Cultural representations of place can be used to construct power relations in societies and spaces and can be employed by political agents as part of larger projects “accruing, managing, and aggrandizing power” (Murphy 2004:620). These representations, in the form of narratives, geographical imaginings and discursive mappings, are about ‘the self’ and ‘the other’. They draw bold lines of (cultural) difference, but easily ignore and devalue the intrinsic imaginings, values and meanings of place (Reuber 2004:631-632), and consequently constitute conflicts, segregations, homogenisations and marginalisations (Yiftachel 2002). Representations, narratives and discursive mappings work to paint some places as glorified, with exalted histories, values, identities and cultures belonged to idealized notions of nationhood, society or community, while other places are depicted as ‘the other’, ‘unknown’, ‘evil’, ‘dangerous/unsafe’, ‘low’, ‘disqualified’ and ‘incapable’ (Wacquant 2007; Yiftachel 2006).
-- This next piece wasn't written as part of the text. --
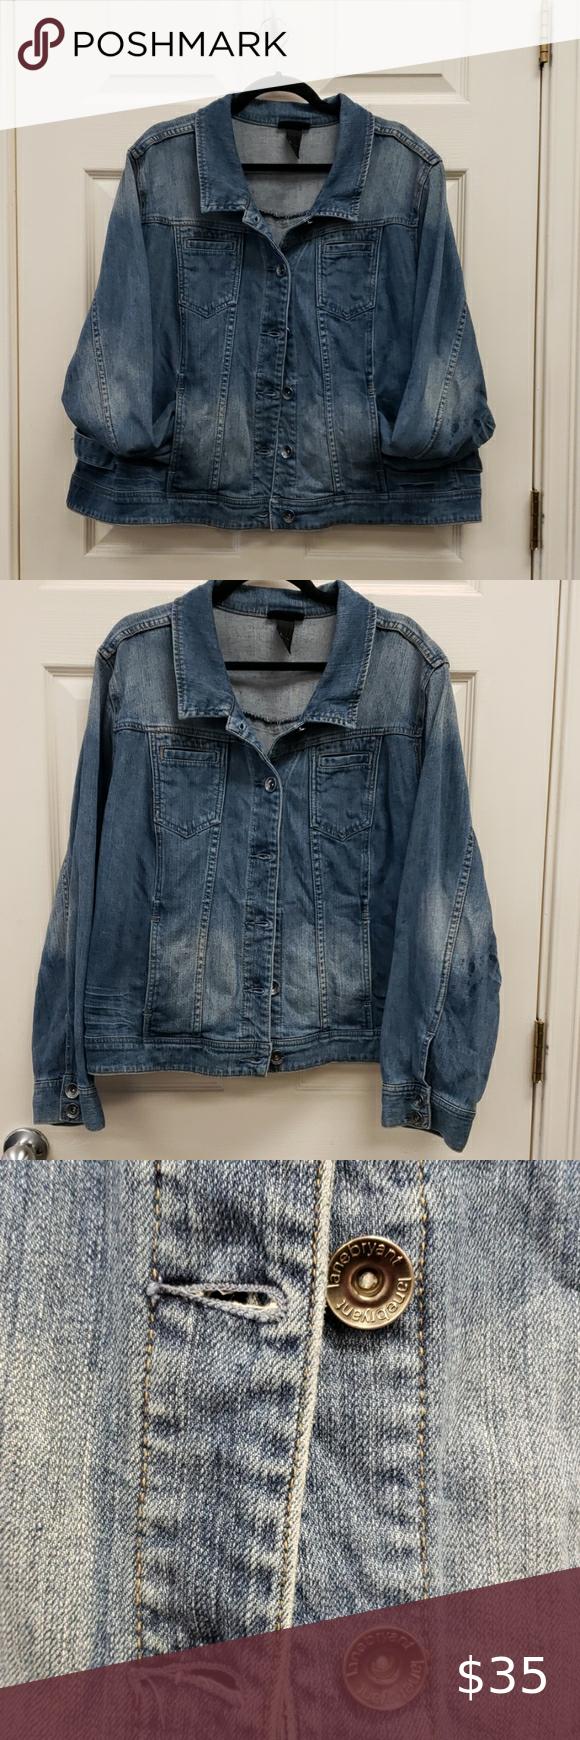 Lane Bryant Denim Jacket Blue Size 26 Denim Jacket Jackets Lane Bryant [ 1740 x 580 Pixel ]

In this way, hegemonies can justify their actions and interventions in places at different proximities and scales “as a morally correct crusade beyond their own interest” (Reuber 2004:633). This line of reasoning has been actively used in urban gentrification and mainstream urban planning and design practices (Rokem and Boano 2018; Kallin and Slater 2014; Baeten 2001), and also in military conflict (Reid-Henry 2012).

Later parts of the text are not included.